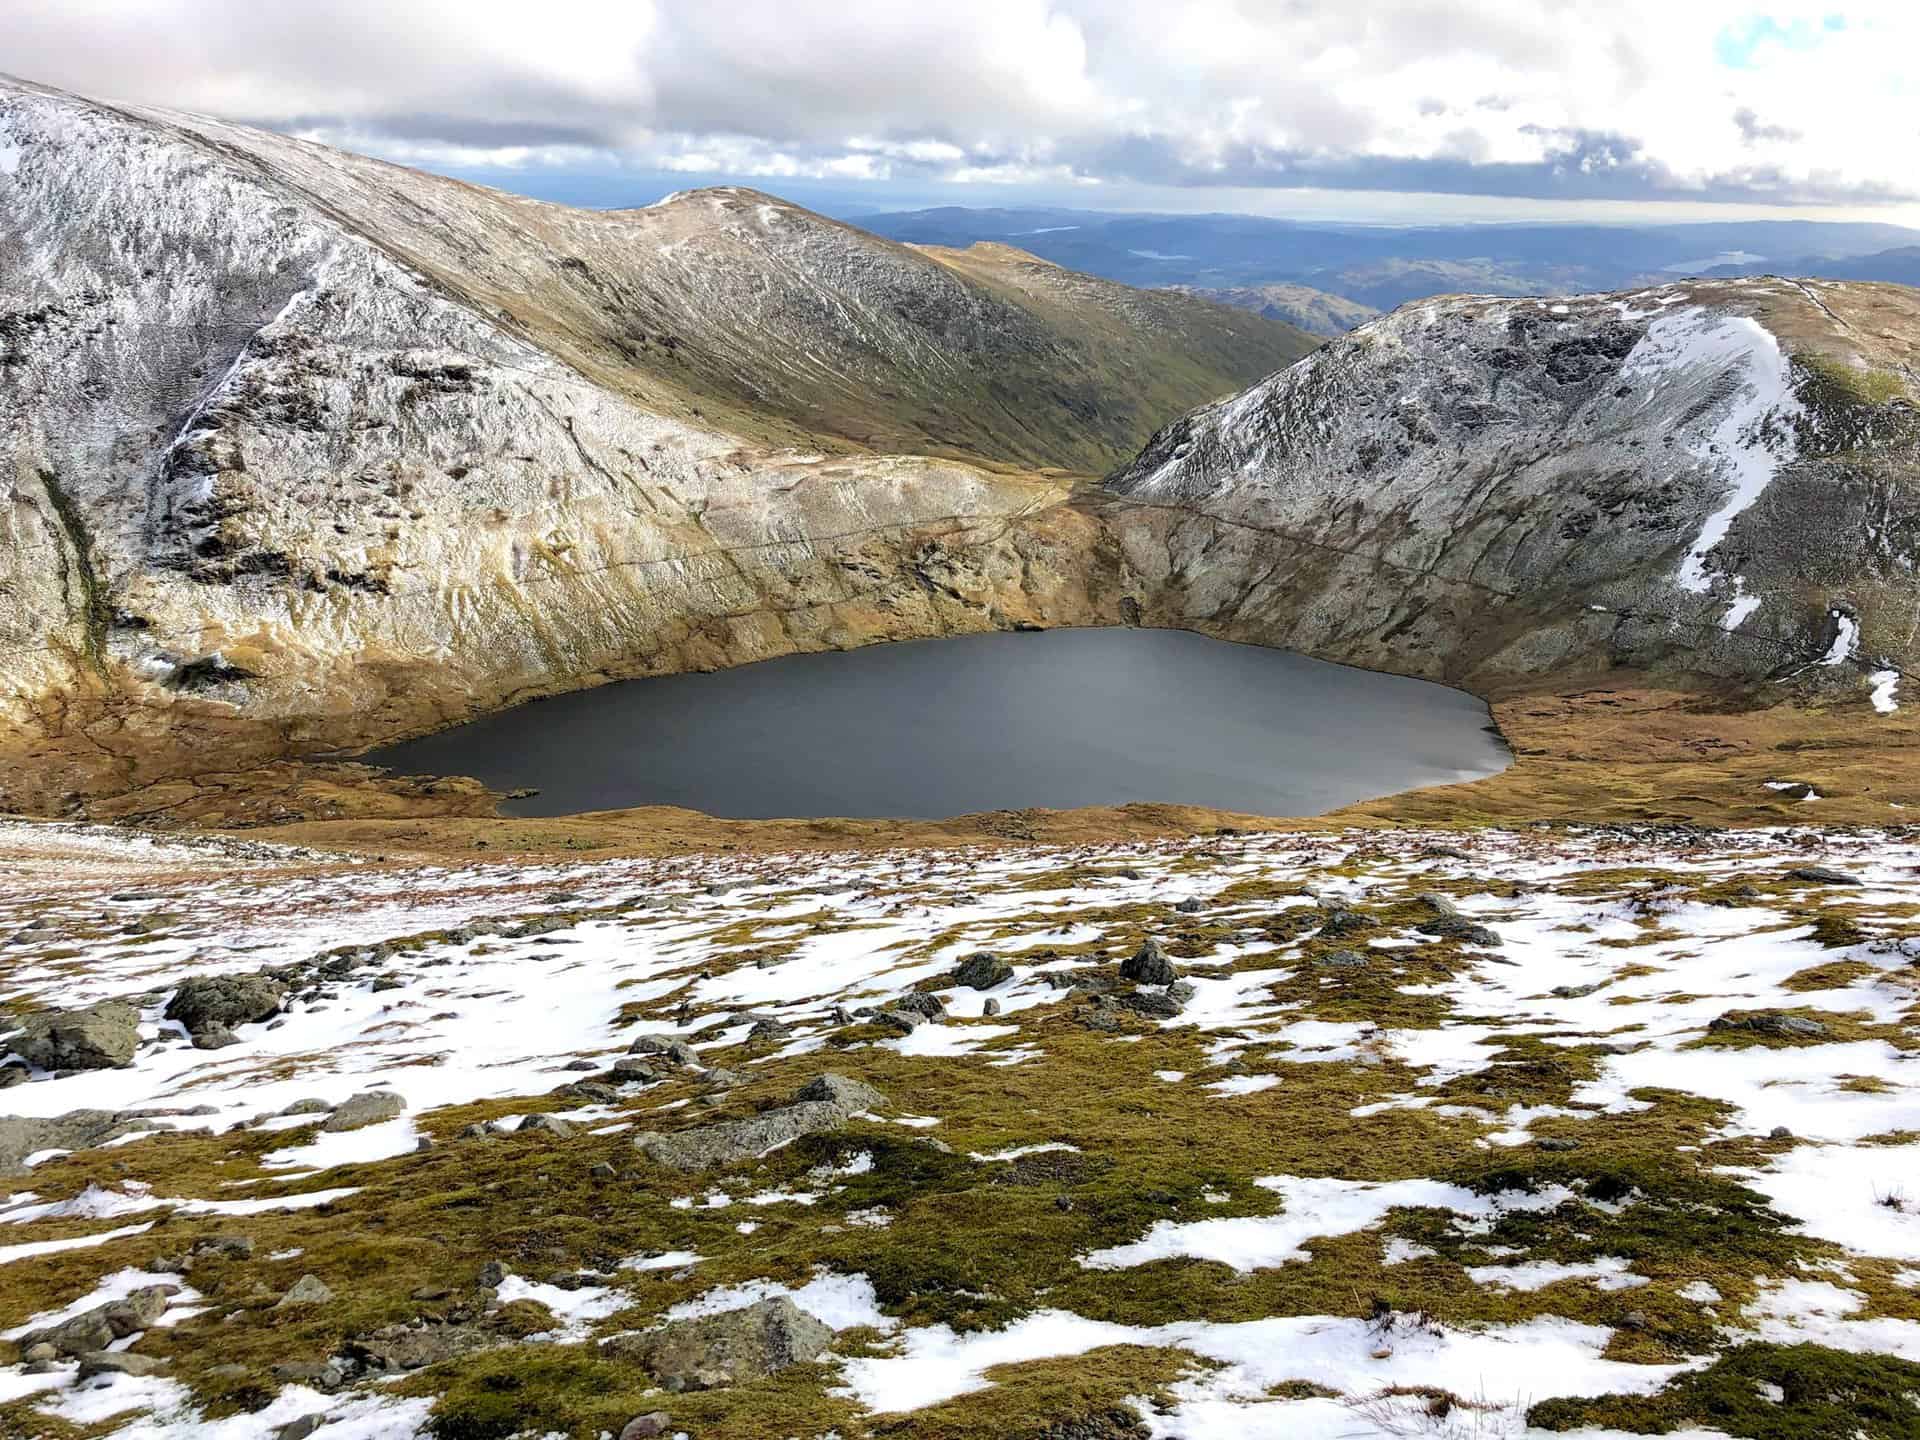 Grisedale Tarn's serene waters mark a tranquil spot on our walk.
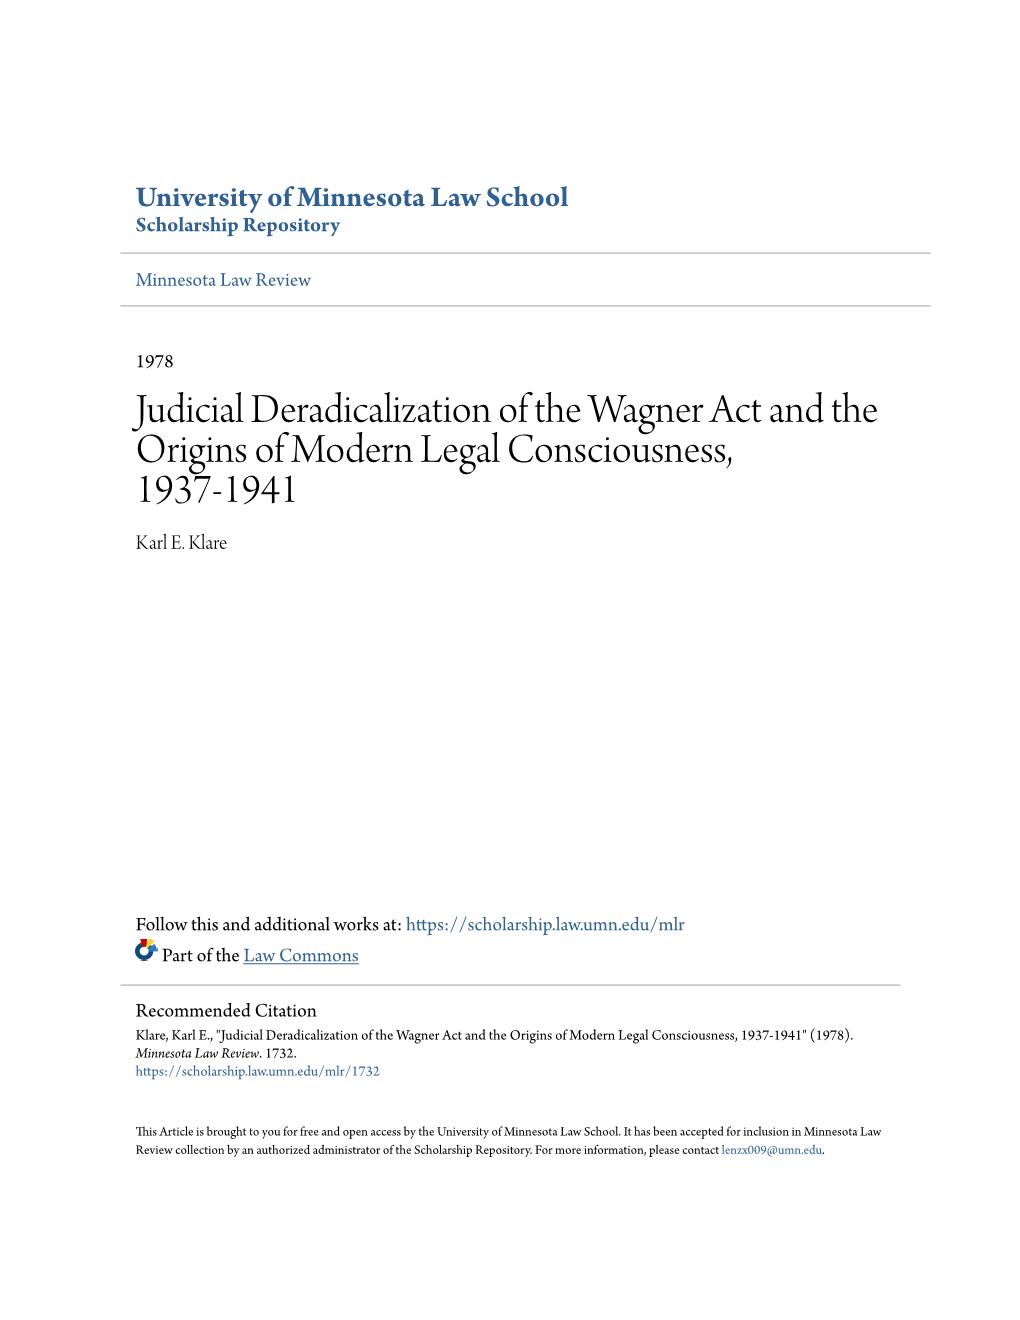 Judicial Deradicalization of the Wagner Act and the Origins of Modern Legal Consciousness, 1937-1941 Karl E
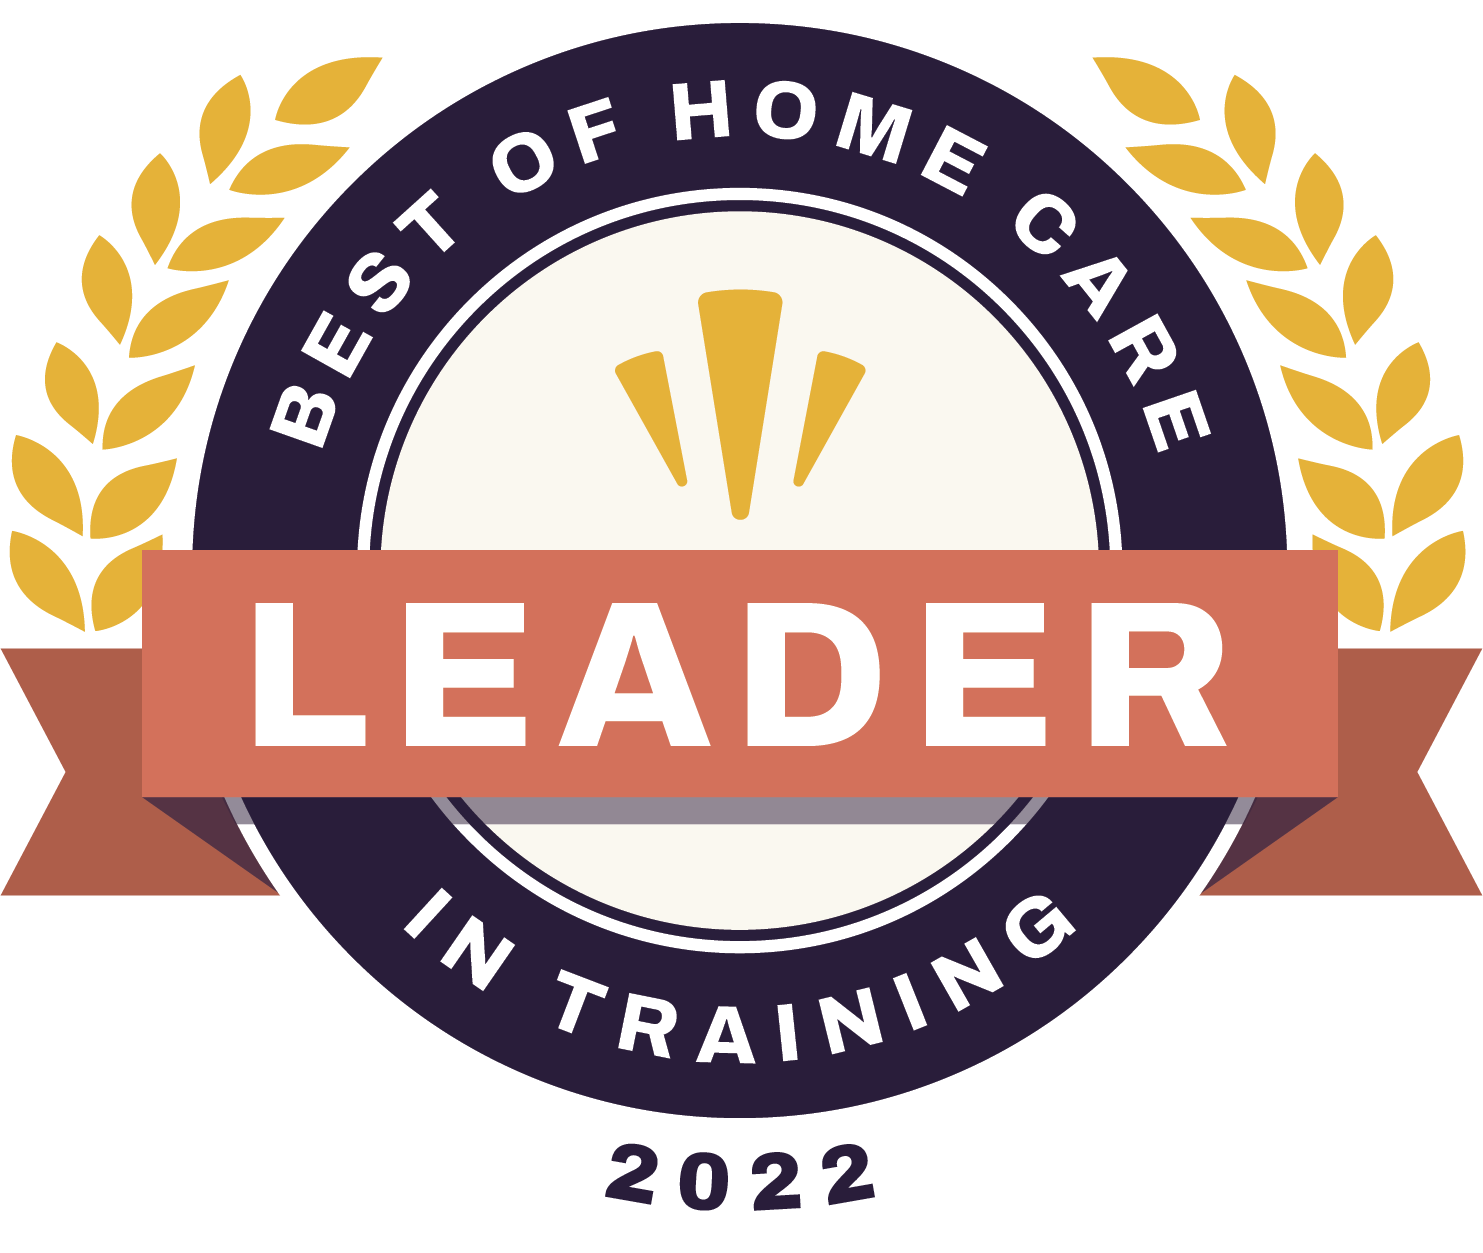 Read more about the article PC Home Health was Awarded Best of Home Leader in Training
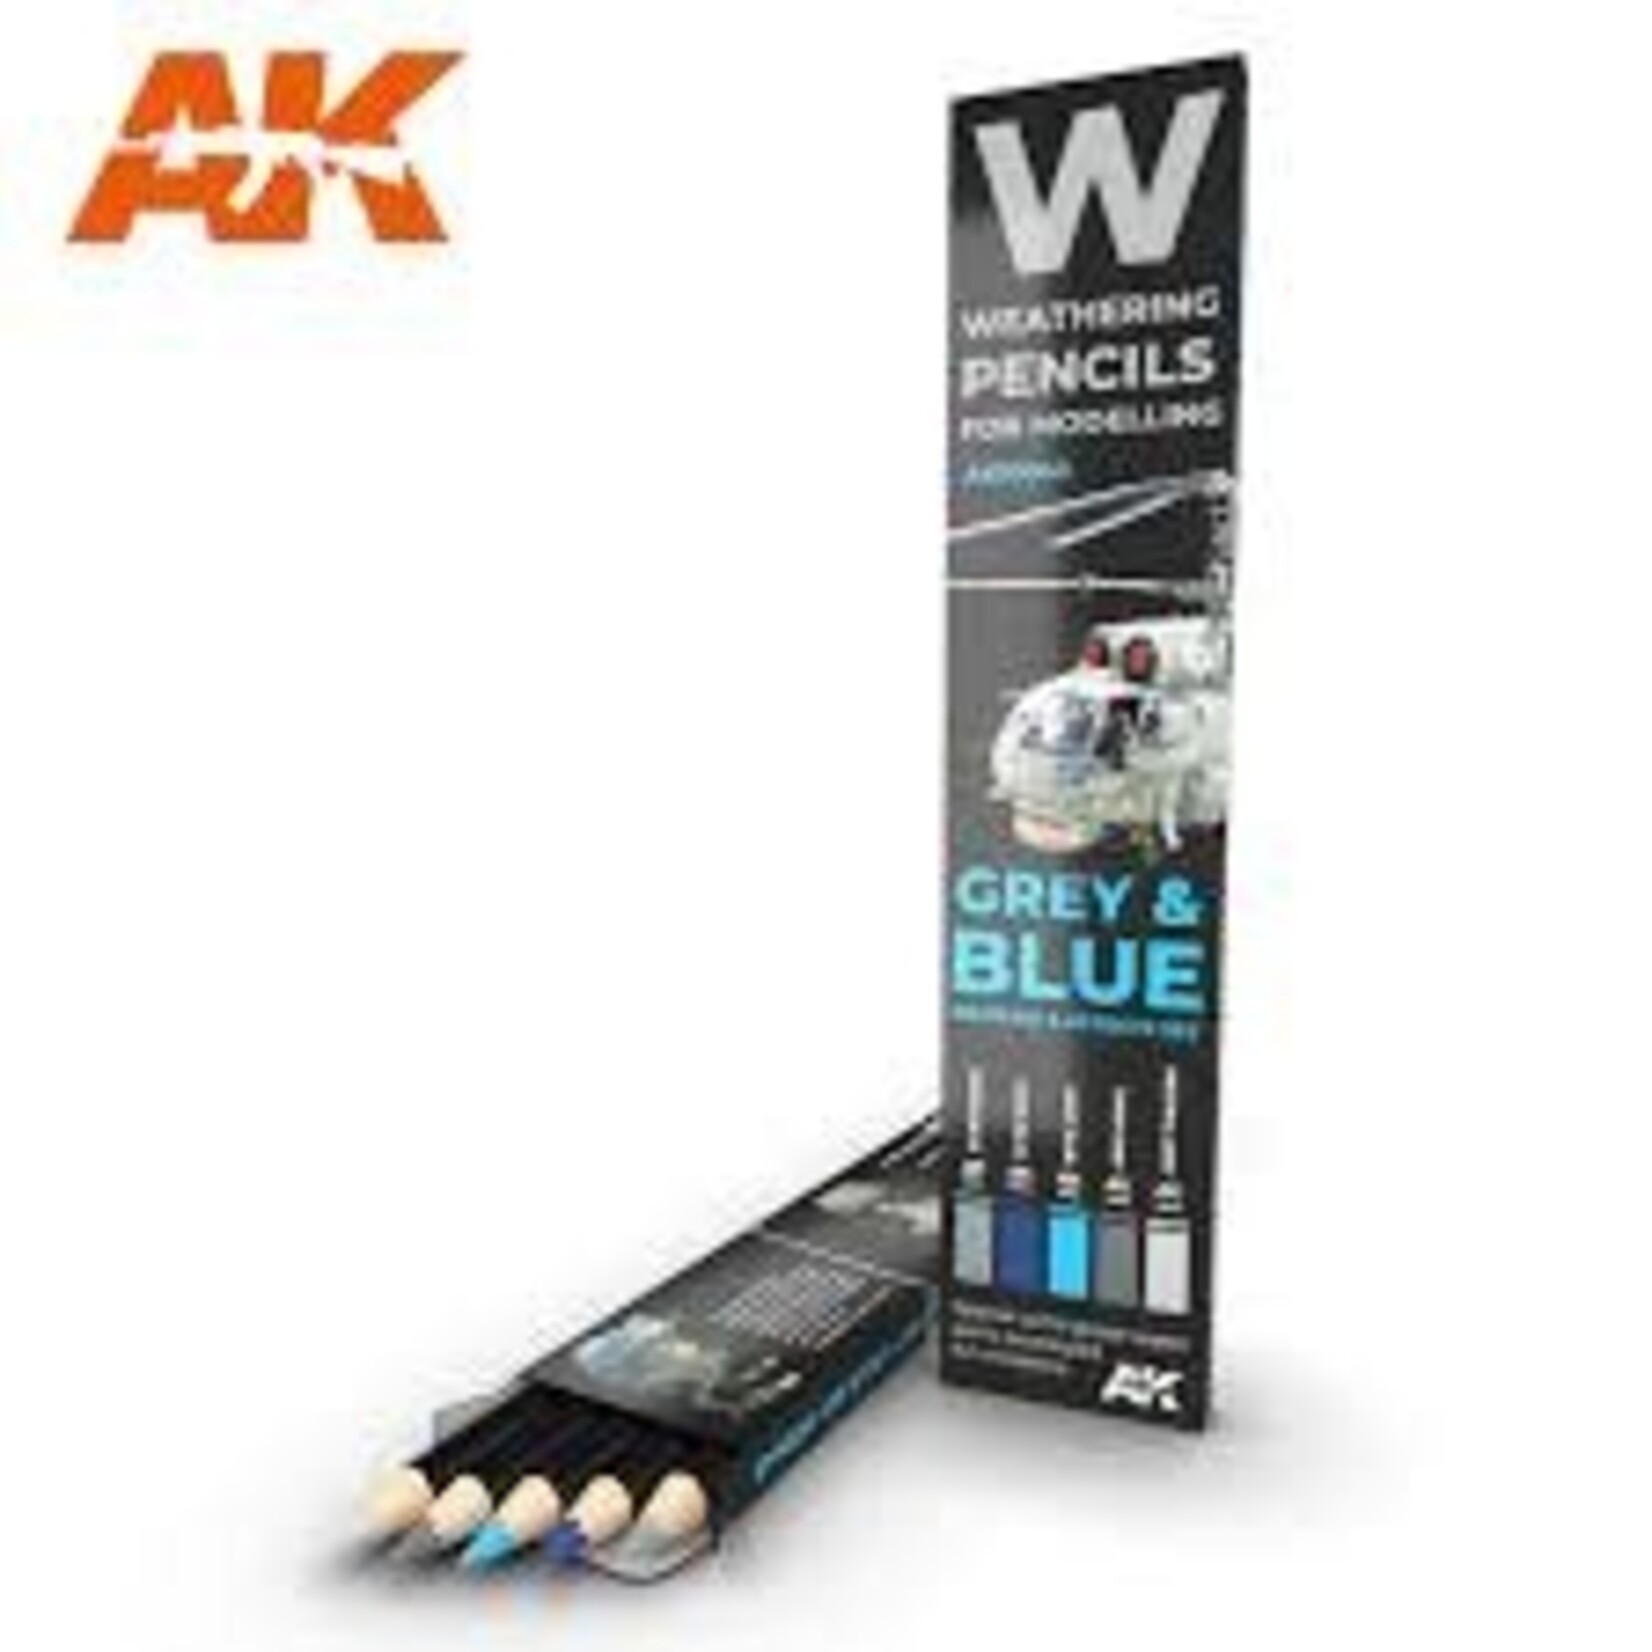 AK 10043 Weathering Pencils: Grey & Blue Shading & Effects Set (5 Colors)

▶ _Activity_:
The entire listing above is to be copied exactly, with all pictures omitted.

▶ _Solution to this exercise_:
 Grisedale Tarn's serene waters mark a tranquil spot on our walk.
 Judicial Deradicalization of the Wagner Act and the Origins of Modern Legal Consciousness, 1937-1941 Karl E
 Read more about the article PC Home Health was Awarded Best of Home Leader in Training
 AK 10043 Weathering Pencils: Grey & Blue Shading & Effects Set (5 Colors)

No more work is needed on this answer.